Rising holdings of SPDR Gold Trust
Investor appetite for gold is also reflected in the rising holdings of SPDR Gold Trust, the world’s largest gold-backed ETF, which reached 904.38 tonnes, the highest since August 2023. This increase indicates that market participants are seeking to hedge against potential economic instability and inflationary pressures stemming from escalating trade conflicts and policy uncertainties. With global economic growth facing headwinds due to tariff wars, gold remains an attractive asset for investors looking for safety amid volatility.
Market awaits US PCE data
Meanwhile, market attention is turning to the upcoming US Personal Consumption Expenditures (PCE) report, due on Friday. As the Fed’s preferred inflation gauge, the data will be closely scrutinized for signs of inflationary trends that could influence the central bank's decision-making.

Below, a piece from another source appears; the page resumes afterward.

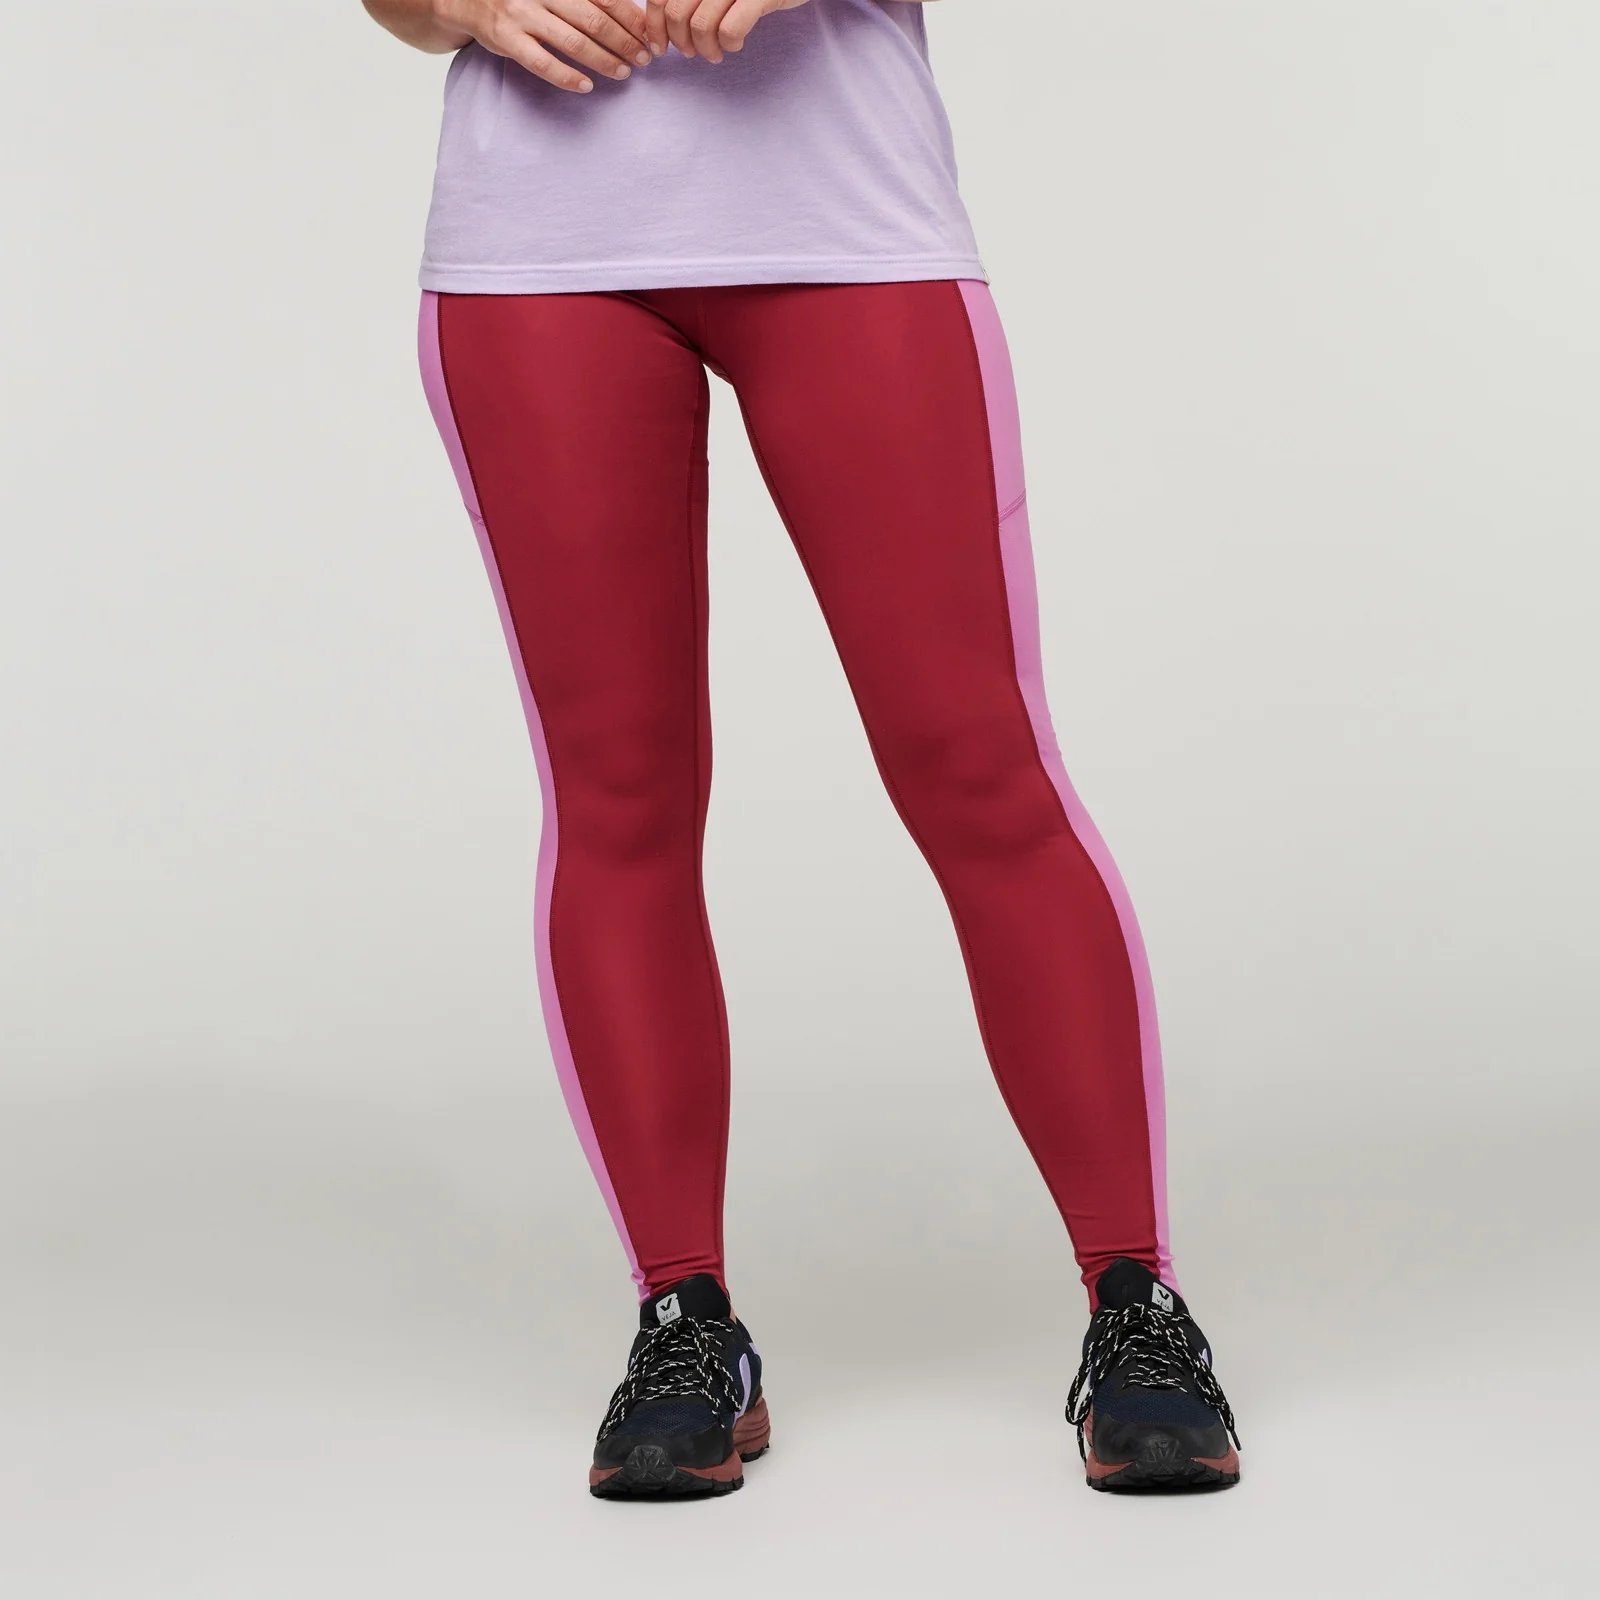 Cotopaxi Tight Roso Travel Raspberry Outdoorhose

While the report is expected to show the slowest price growth since June, persistent inflationary pressures could prompt the Fed to remain cautious about cutting rates too soon. Most economists now expect the Fed to hold off on rate cuts until the next quarter, pushing back expectations for a March rate reduction. This cautious stance from the Fed, combined with ongoing trade concerns, is likely to keep gold prices elevated as investors continue to seek refuge from the potential economic fallout.